The building has no security, not even locks on the doors. There are holes in the walls, and junk piles up outside on what passes for a lawn. Haines Junction’s only apartment building is notorious for parties and heavy drinking.

Boss says the cops stop by more regularly than some of the tenants, it seems. There are fights and frequent chaos. She says it’s not uncommon for people to climb the balconies from outside trying to get in looking for a party or to score some booze.

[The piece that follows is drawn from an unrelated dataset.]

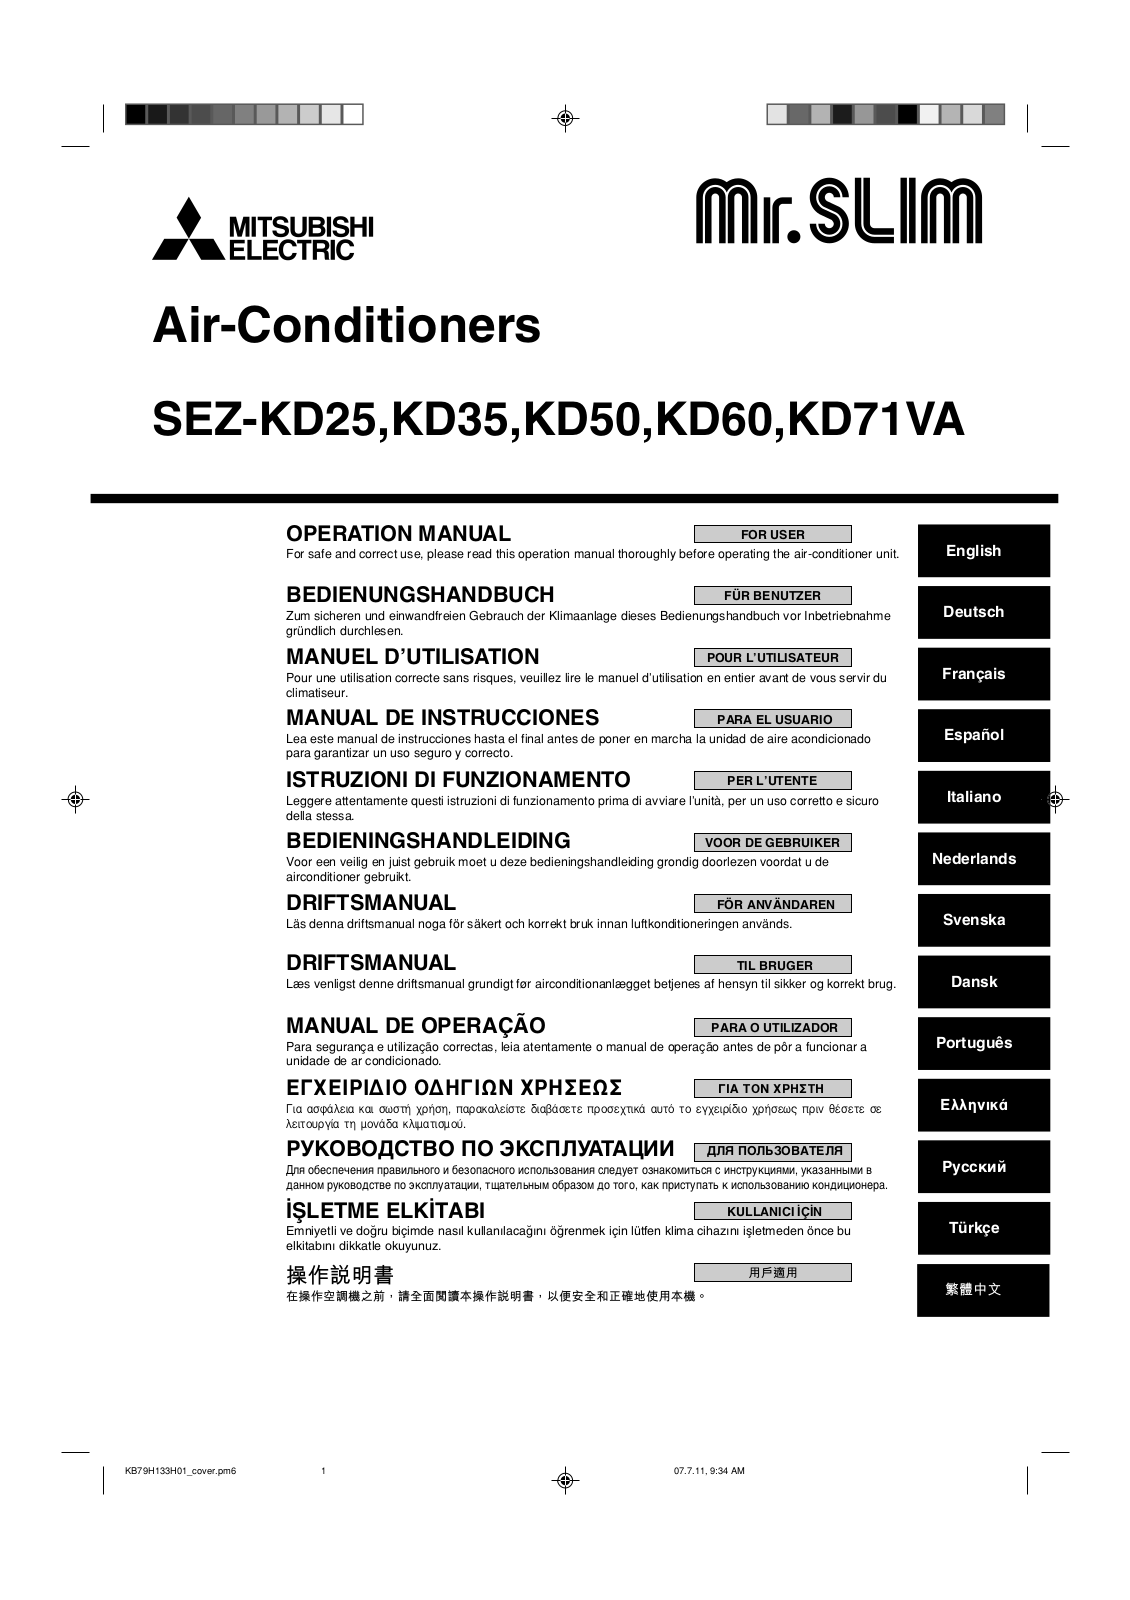 Mitsubishi SEZ-KD25, SEZ-KD35, SEZ-KD50, SEZ-KD60, SEZ-KD71VA User Manual

It’s not exactly a supportive atmosphere for someone trying to get clean.

Boss also suffers from chronic back and joint pain, which makes it difficult to walk and excruciating to climb the two sets of stairs to her apartment.

She’s allergic to pain medication, so she drinks to take away the pain. She drinks when there are parties happening. She drinks every day.

Boss has tried to stop. Her latest attempt was this February, when she completed the 28-day treatment program in Whitehorse. She signed herself up voluntarily.

“It was great,” she says, “we spent time on the land. At circle (group support meetings) we all had so much that we were trying to forget. I have a lot to heal from.”

She proudly shows off photos from her time in treatment, on the land with a group of other addicts practising traditional bush skills and reconnecting with her heritage.

But as soon as she got out, it started over again.

“When we got back home, people were saying, ‘We got out! Let’s party!’ and they went to drink again,” she says.

With nowhere else to live, Boss moved back into the apartment building, back into an alcohol-laced environment where temptation and weakness are just behind her neighbours’ doors.

“When my son dropped me off here the day after treatment, I remember he said, ‘Mom, you’re not serious. This place?’ But what else was I supposed to do?”

As she speaks, Muskrat sits quietly at the table, continuing to smoke but hardly speaking. He hasn’t tried treatment - figures it’s not worth the effort.

There’s a knock at the door. Before Boss can invite her caller in, three men clamour in, laughing. One says his name is Steve (not his real name). The others decline to give their names. A straggler enters the apartment but doesn’t say a word, walking through the kitchen and making a bee-line for the balcony where he spends five minutes throwing up over the railing.

The group exchanges pleasantries, and Steve starts talking about his own struggles.

Like most Yukon communities, Haines Junction has virtually no aftercare and little support for alcoholics fresh from treatment. Those, like Steve, who try treatment come to Whitehorse for a month, sober up, and go right back to their old environment again.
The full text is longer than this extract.